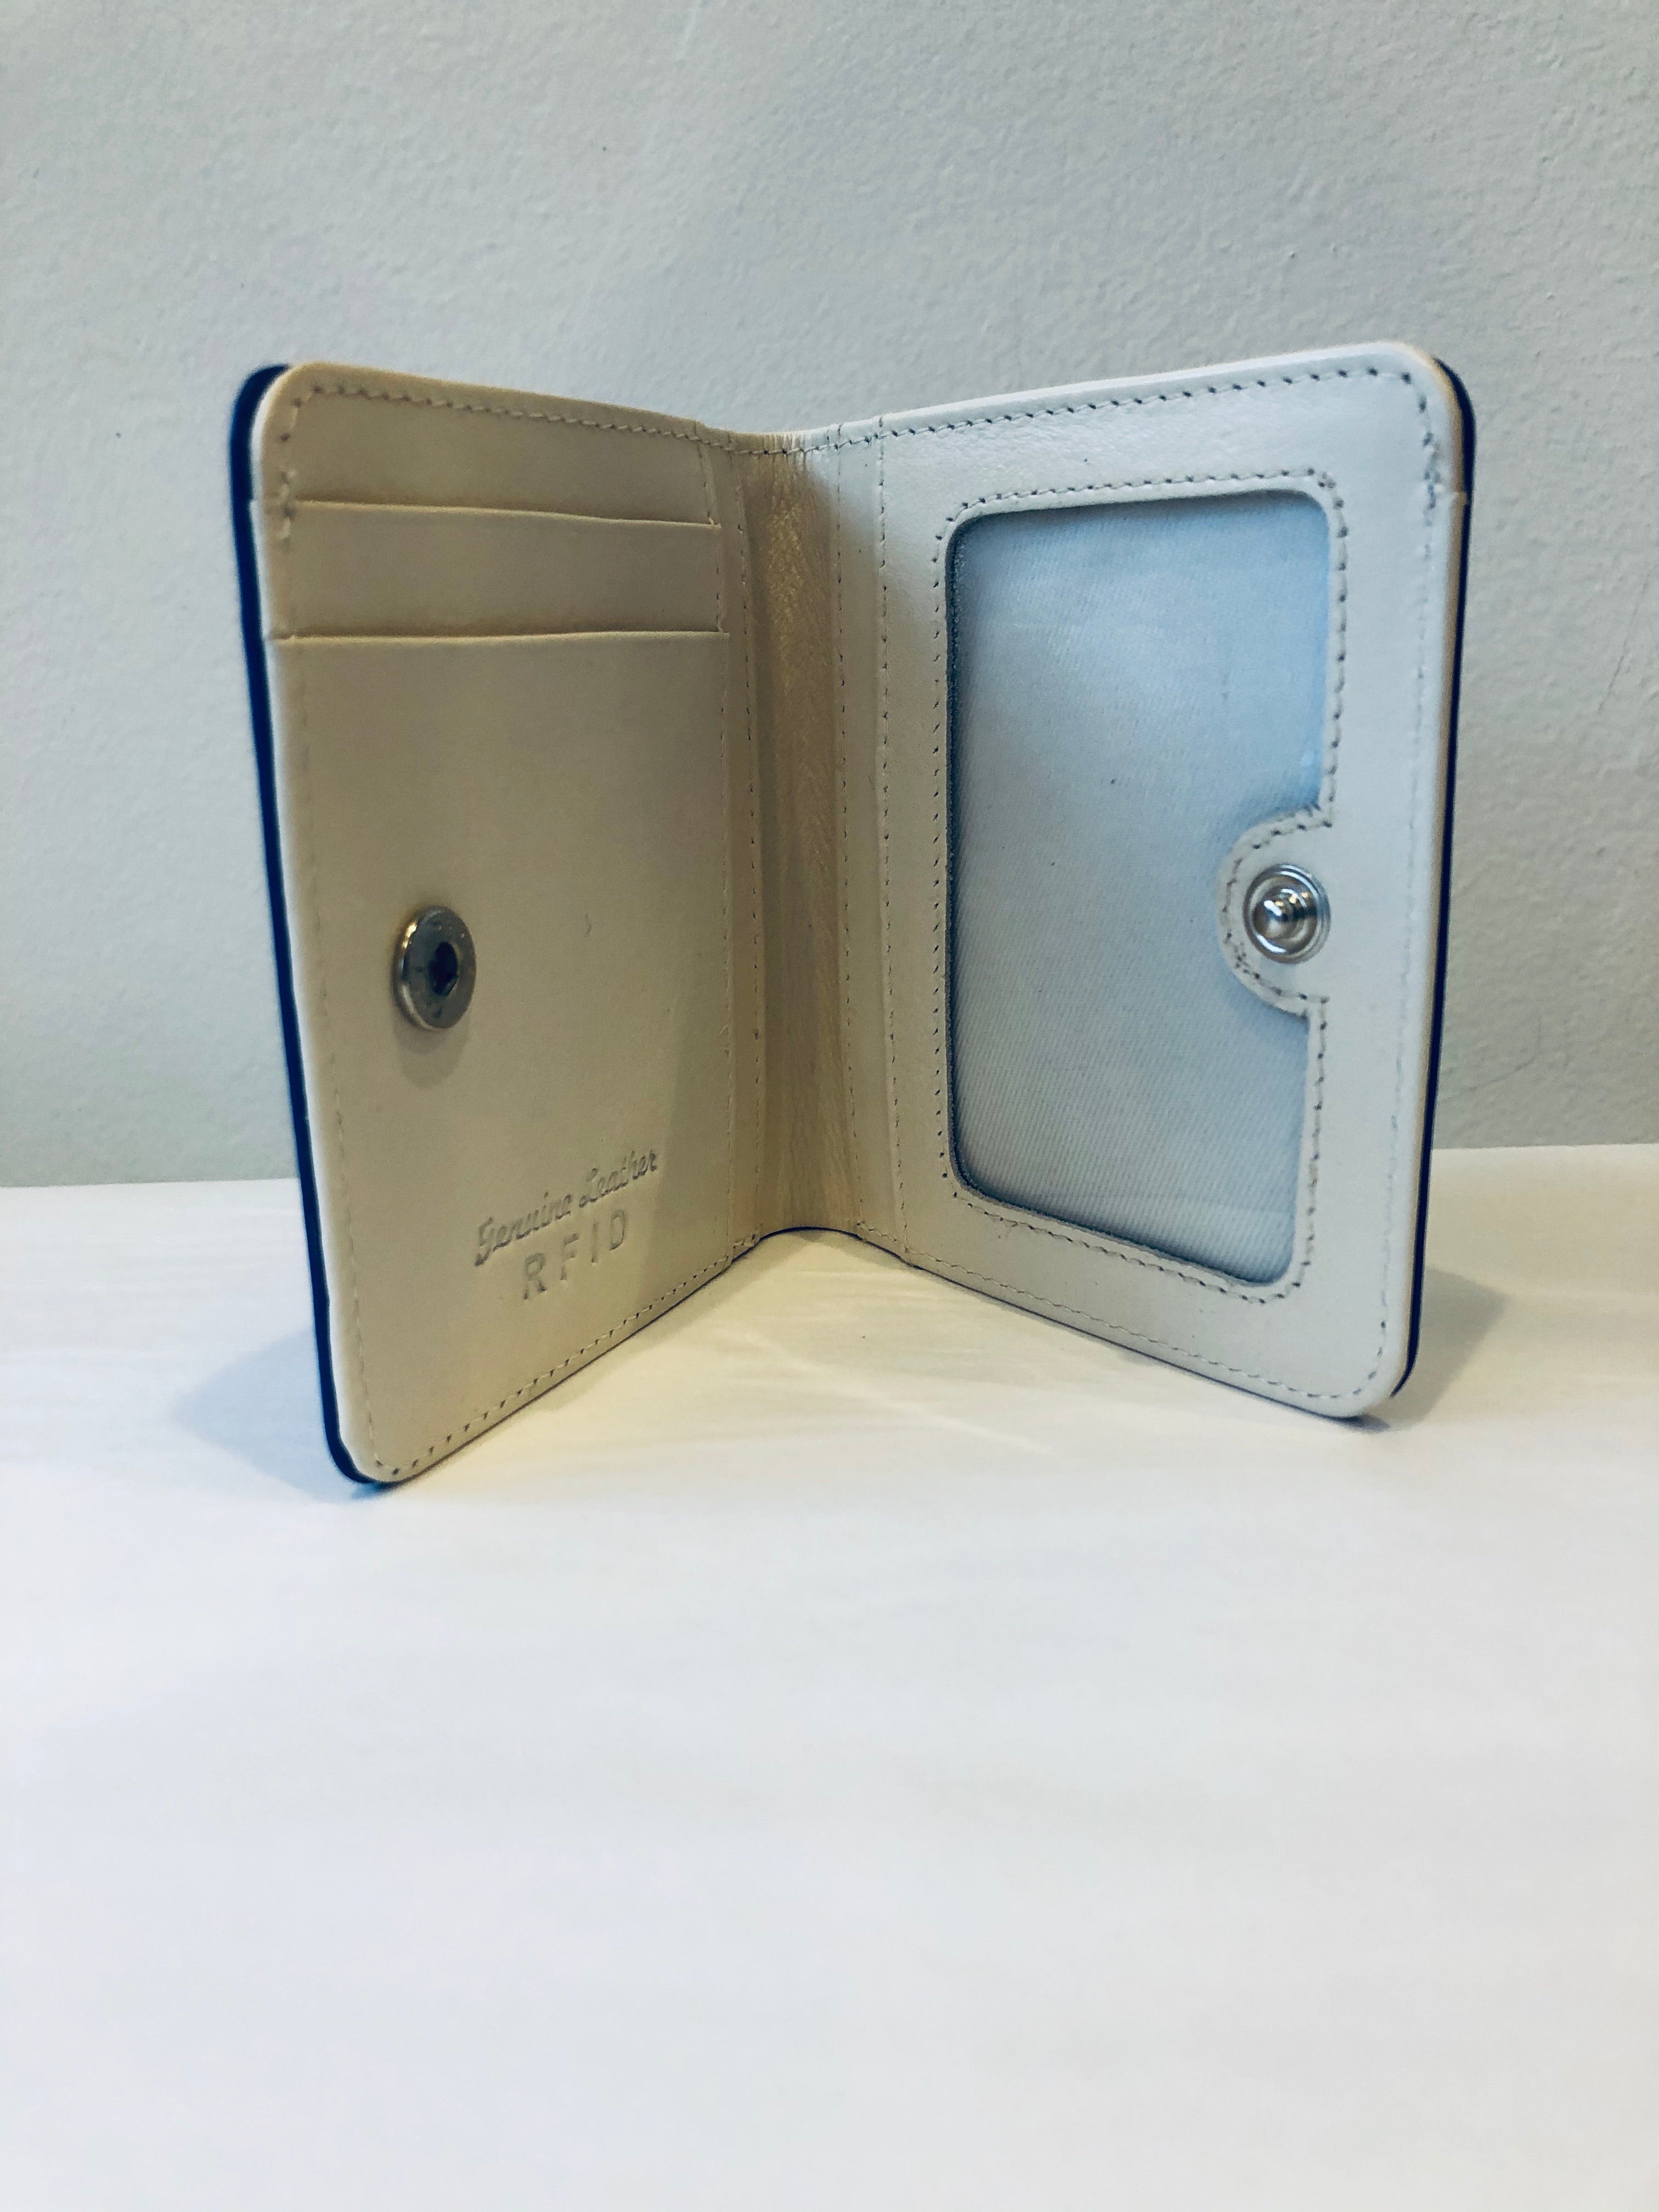 cobalt blue wallet
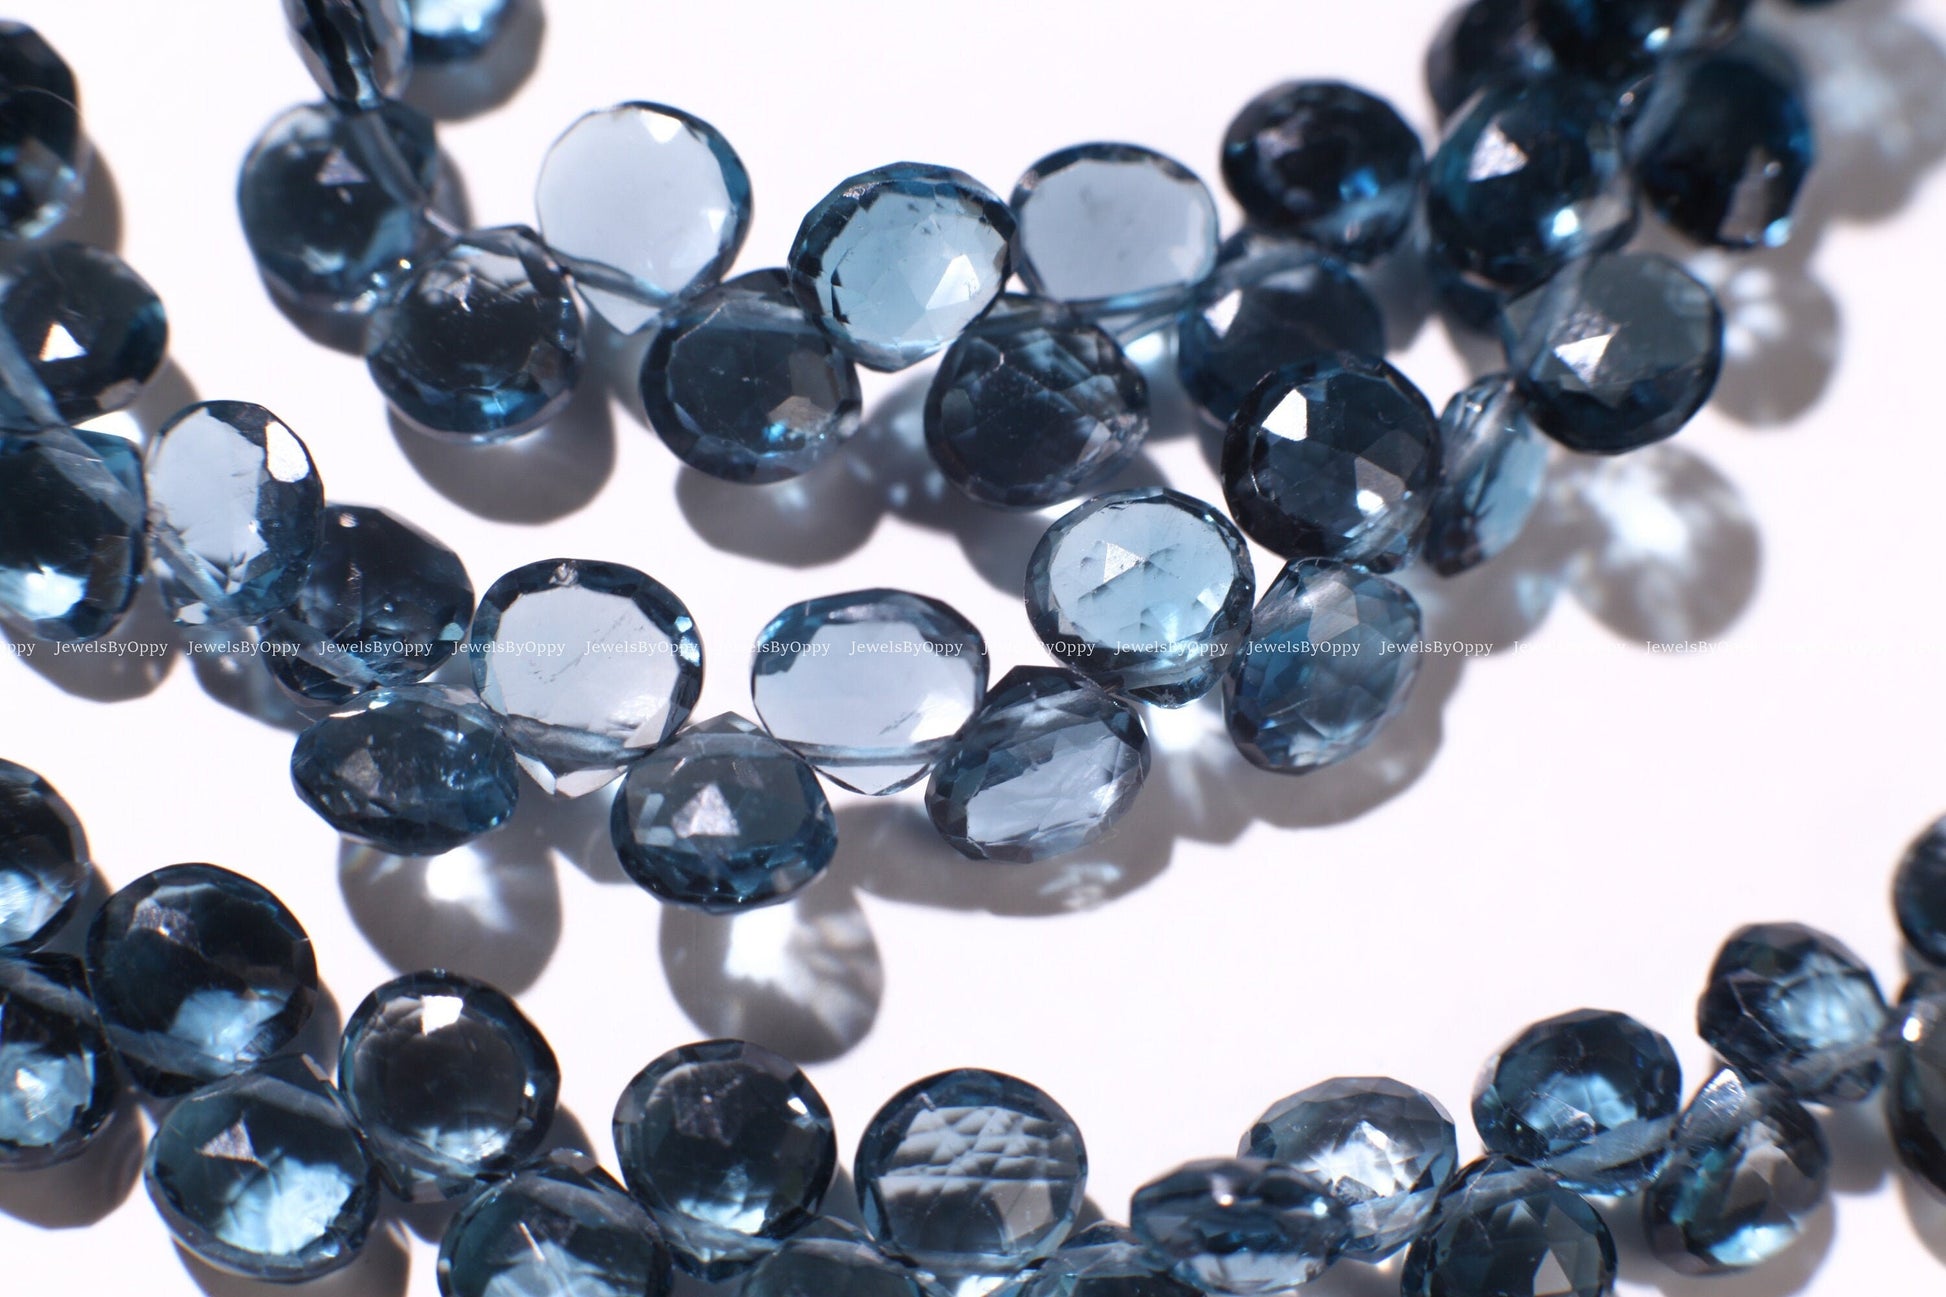 Natural London Blue Topaz heart shape drop 6-6.5mm Faceted Diamond Cut pear drop Beads, High Quality Natural London Blue Topaz.
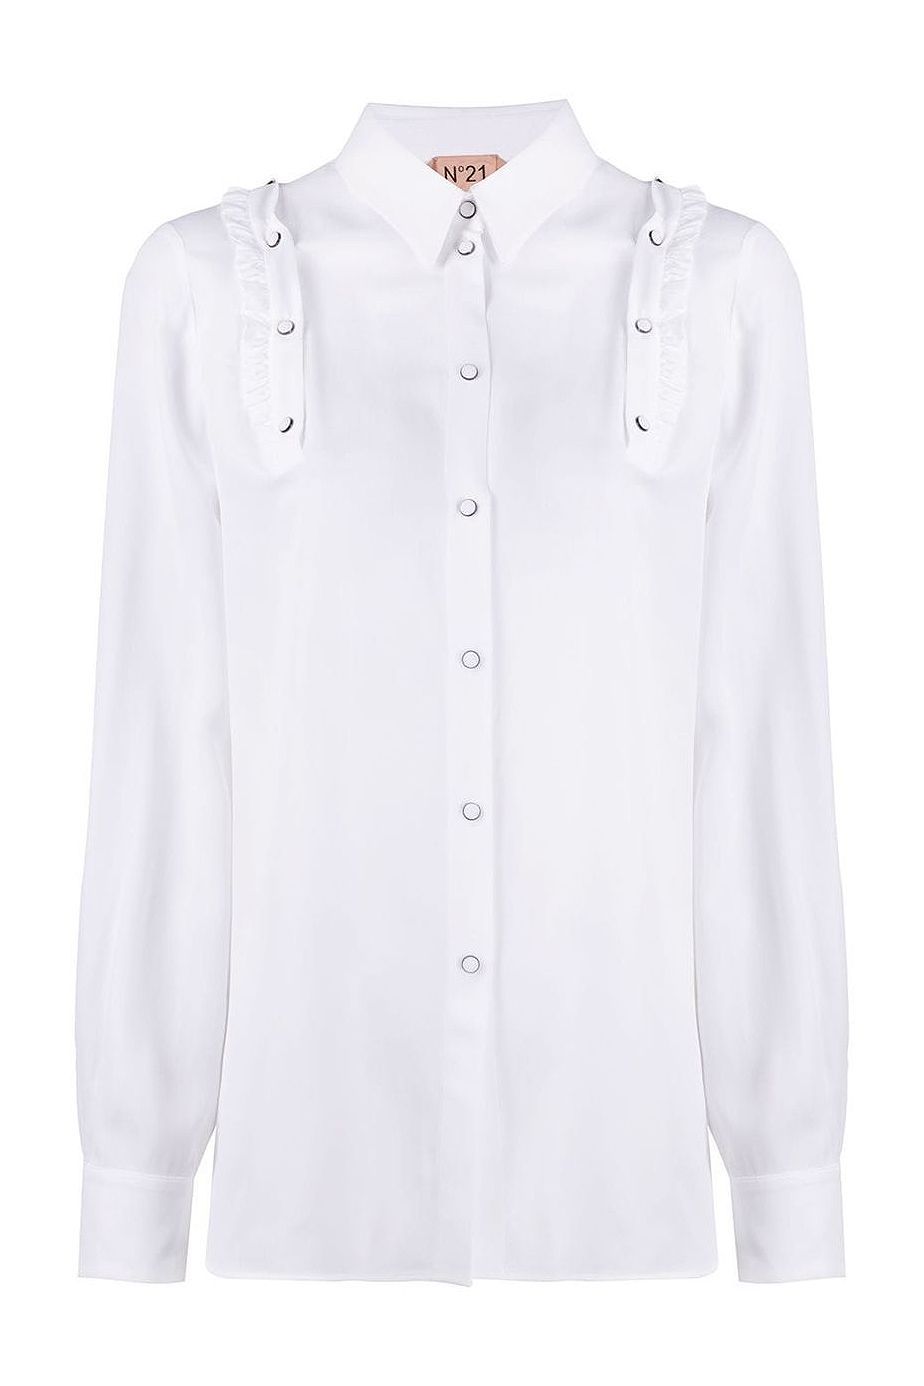 best women's white dress shirt
--------------------------------------------------
| How to complete this task |
Reproduce the material above exactly but drop all images.

| Result below |
 cobalt blue wallet
 Natural London Blue Topaz heart shape drop 6-6.5mm Faceted Diamond Cut pear drop Beads, High Quality Natural London Blue Topaz.
 best women's white dress shirt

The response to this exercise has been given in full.